Social Media is abuzz with the Ebola virus. News clips… Conspiracies theories… Fear… Rants and Raves… Fingers pointed at government and hospital officials… Demands for closing our borders and shutting down flights (of which I admittedly support) …and of course the cries back and forth about this being a judgement from God… but I haven’t seen a lot of what I would call a “Christian” response. I’ve only seen a few people post anything that I would say truly represents the Ebola situation with the eyes of Jesus.
If as Christians, we are to be Christ-like, it’s a shame that our faith, our doctrine, and our words don’t line up with what Christ did while he was on earth setting the example for us. So let’s go ahead and knock out the whole “Is this a judgement from God” theory and then I’ll share what our response truly should be… not just for Ebola, but period.
There have been exhaustive looks at the Old Testament that shows God’s judgments, and this is not another one.
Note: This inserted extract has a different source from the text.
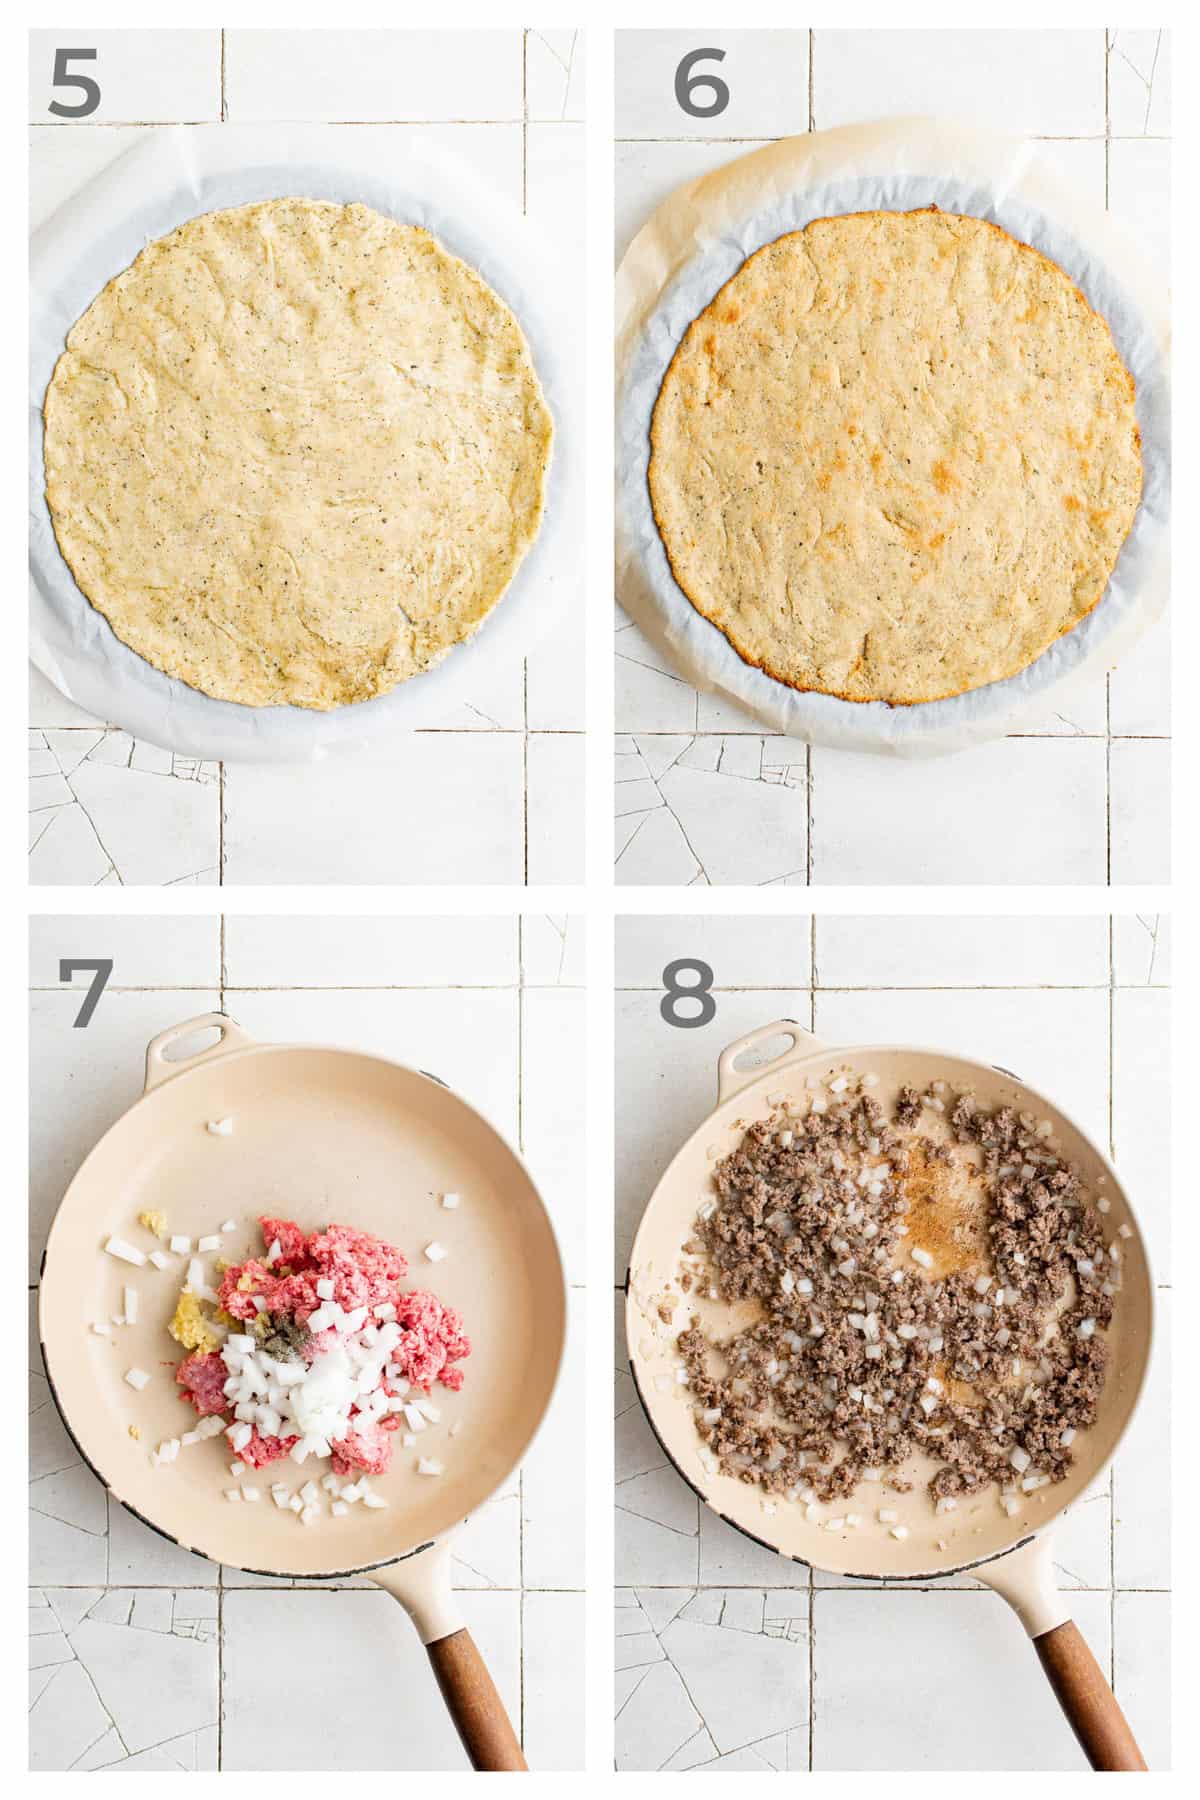 Step by step directions for making a gluten free pizza

I think the point has been shown that God has always given a way out for his children in the midst of Judgment, has been patient, and that his judgment usually meant expulsion from their land, not death to his people… and this was before the covenant of grace. For that debate, I suggest Google. You’ll find plenty of research material from either vantage point.
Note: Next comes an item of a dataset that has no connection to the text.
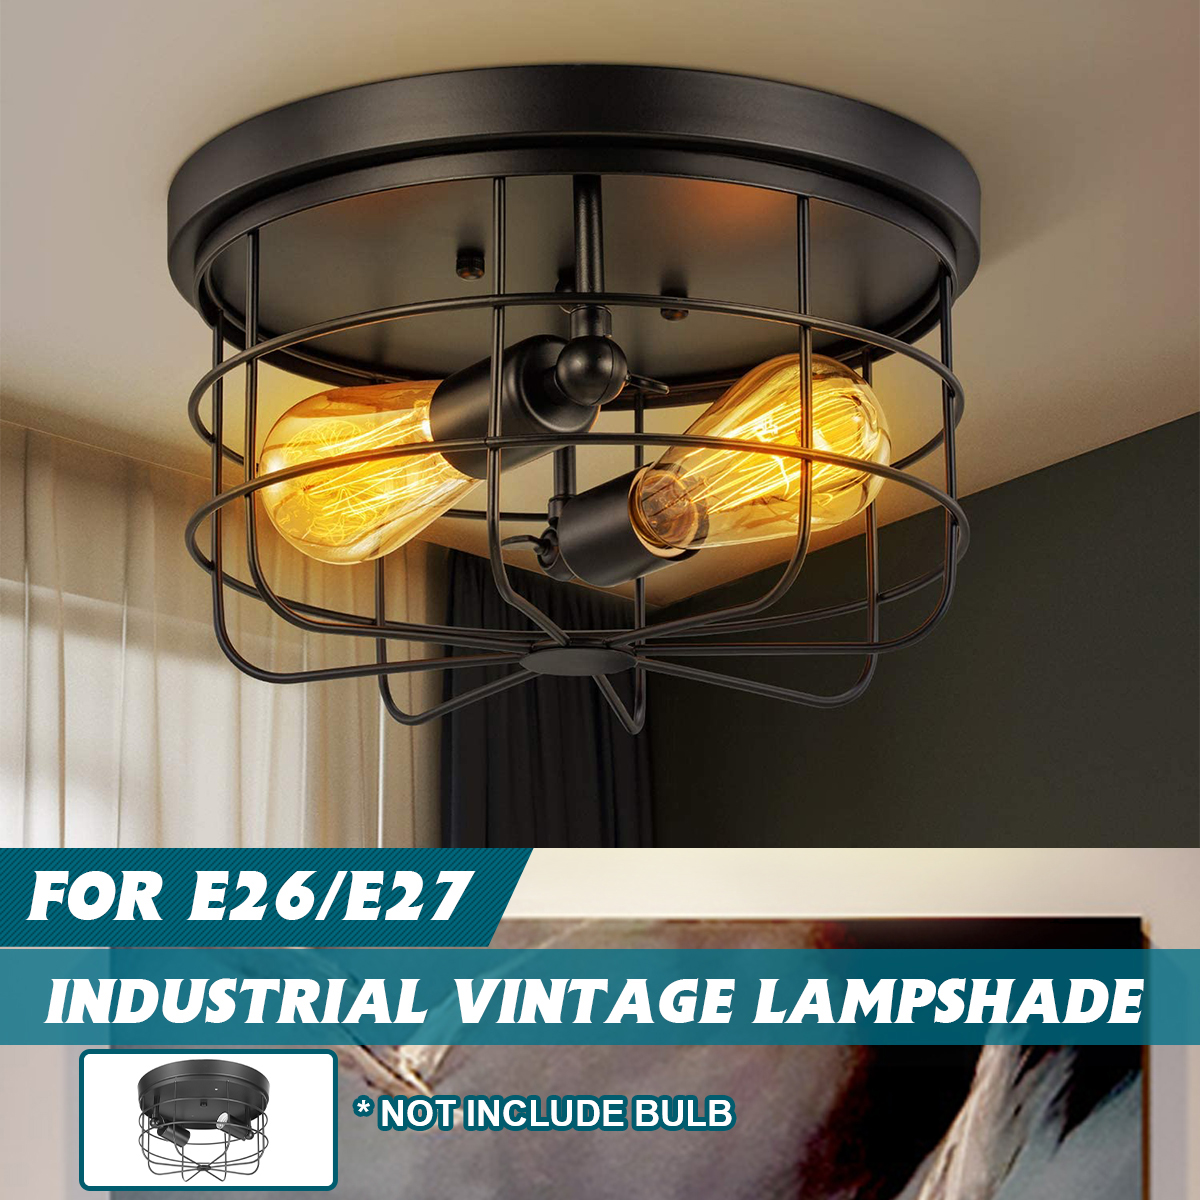 E26E27-Industrial-Vintage-Metal-Round-Pendant-Lamp-Semi-Flush-Mount-Ceiling-Light-Shade-Without-Bulb-1839326-1

But let’s look at Christ’s example. In John chapter 9 we read, As he went along, he saw a man blind from birth. His disciples asked him, “Rabbi, who sinned, this man or his parents, that he was born blind?” “Neither this man nor his parents sinned,” said Jesus, “but this happened so that the works of God might be displayed in him.” God didn’t send the sickness, that comes from the enemy, but it was an opportunity for the God of the universe to be made known…. as well as his goodness and his love for the sick, the ones in bondage, the hurting and lost.
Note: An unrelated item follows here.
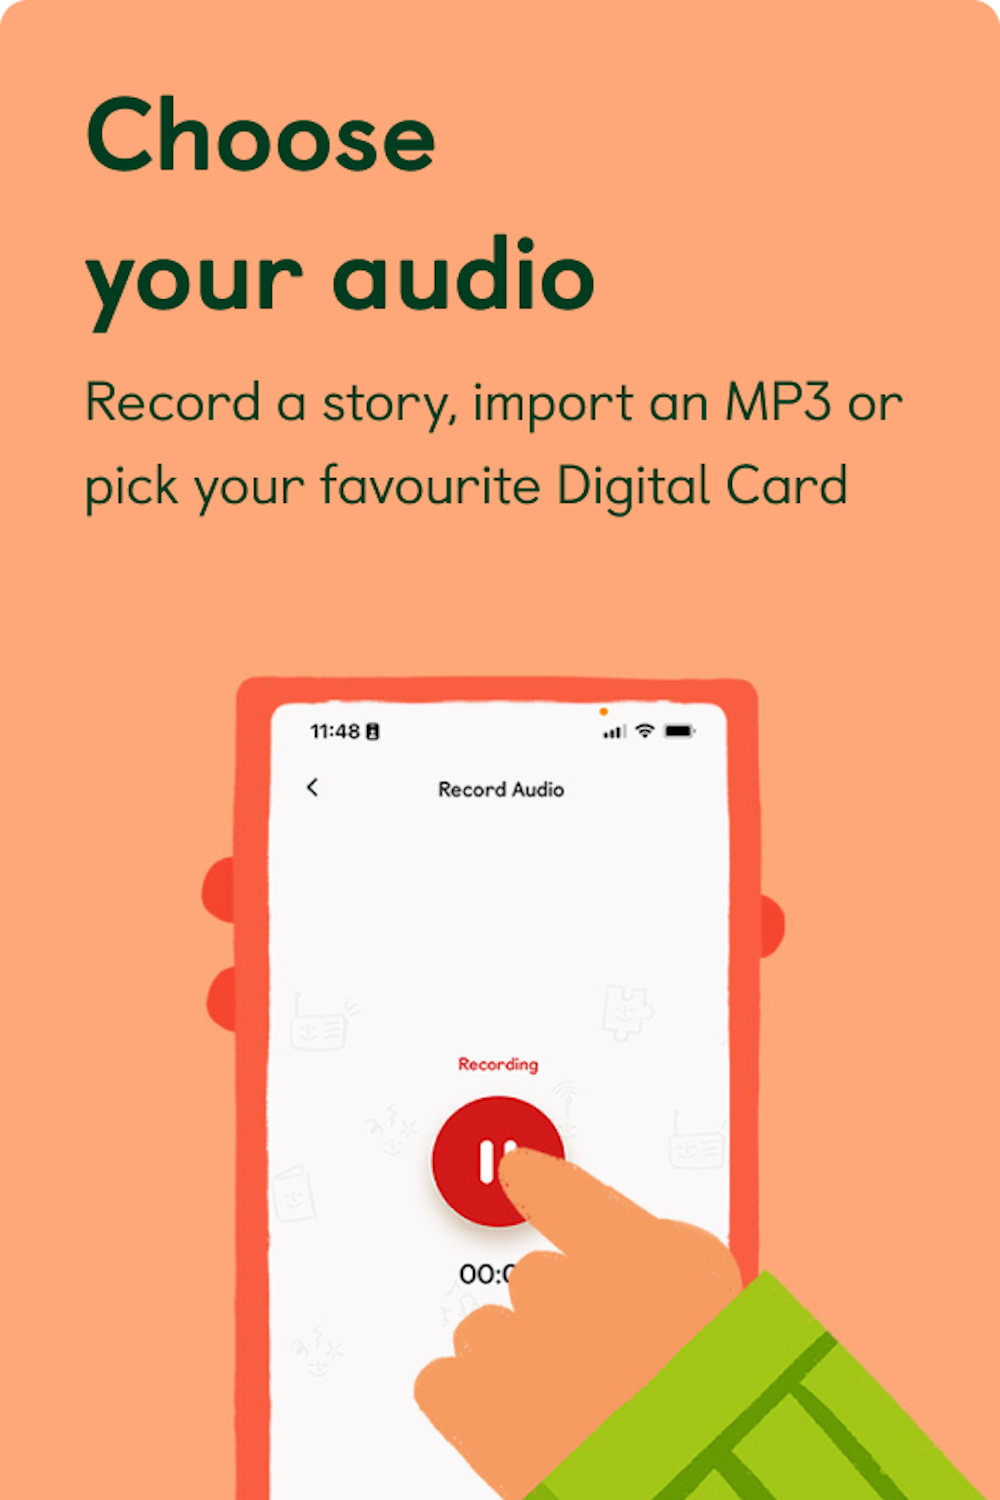 Choose your audio - Record a story, import an MP3 or pick your favourite Digital Card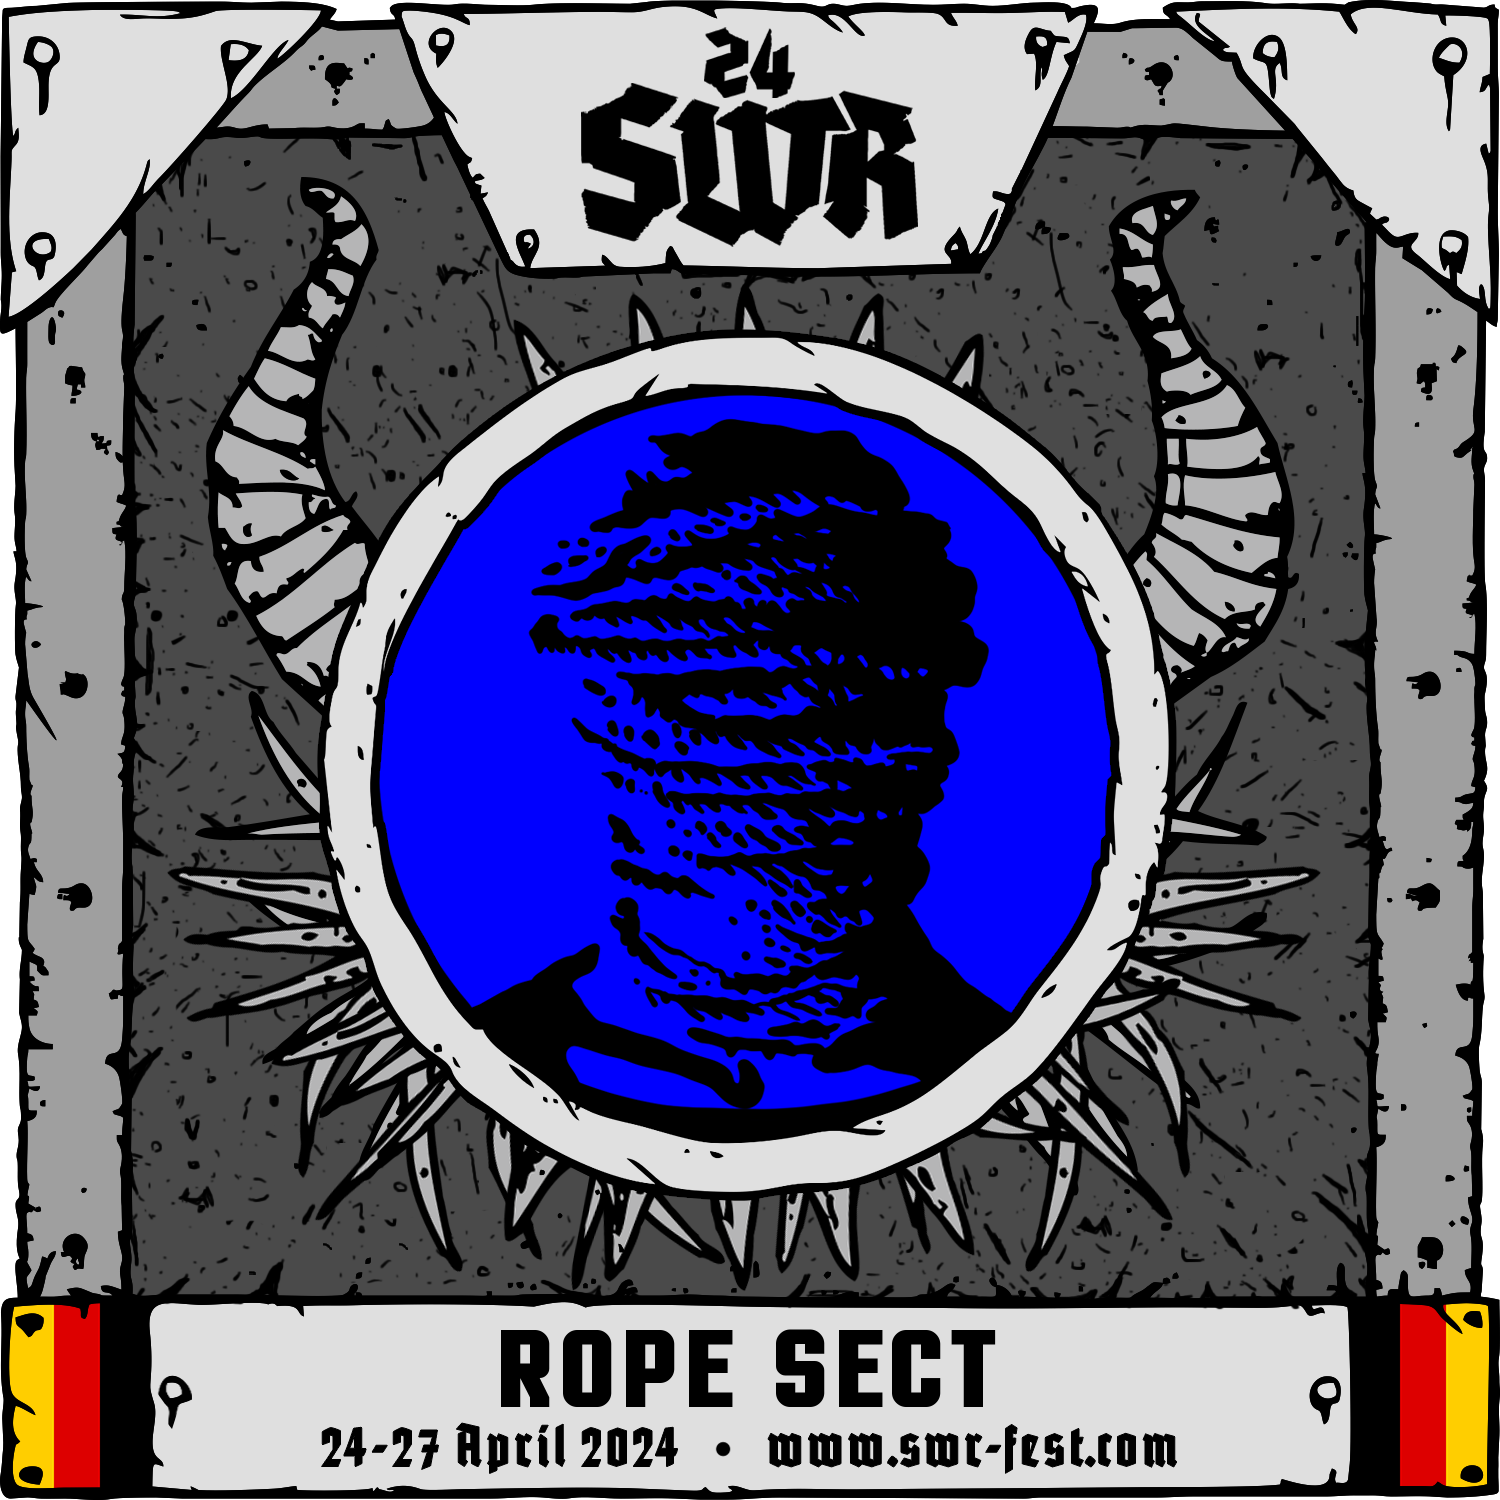 ROPE SECT

Let’s look at another and I’ll make my point. In Luke 8 we have the story of the storm coming upon the disciples. One day Jesus said to his disciples, “Let us go over to the other side of the lake.” So they got into a boat and set out. As they sailed, he fell asleep. A squall came down on the lake, so that the boat was being swamped, and they were in great danger. The disciples went and woke him, saying, “Master, Master, we’re going to drown! He got up and rebuked the wind and the raging waters; the storm subsided, and all was calm. “Where is your faith?” he asked his disciples. Notice he asked the disciples where was “THEIR” faith? Why had they doubted… and why had THEY not rebuked the storm? Remember, he was teaching them to do as HE did. Did God send the storm? Only to rebuke it?
Christ is to be our example. We are to do the things he did. And we are to be full of faith like he was…. full of love like he was… So did God send Ebola to the US? Well, I can say “In my opinion” no. I can also say that that line of thinking doesn’t line up with the heart of God or the example I see in Jesus. His response was to face the sickness, the storm, the situation, and use it as an opportunity for God the Father to be made known and to be glorified.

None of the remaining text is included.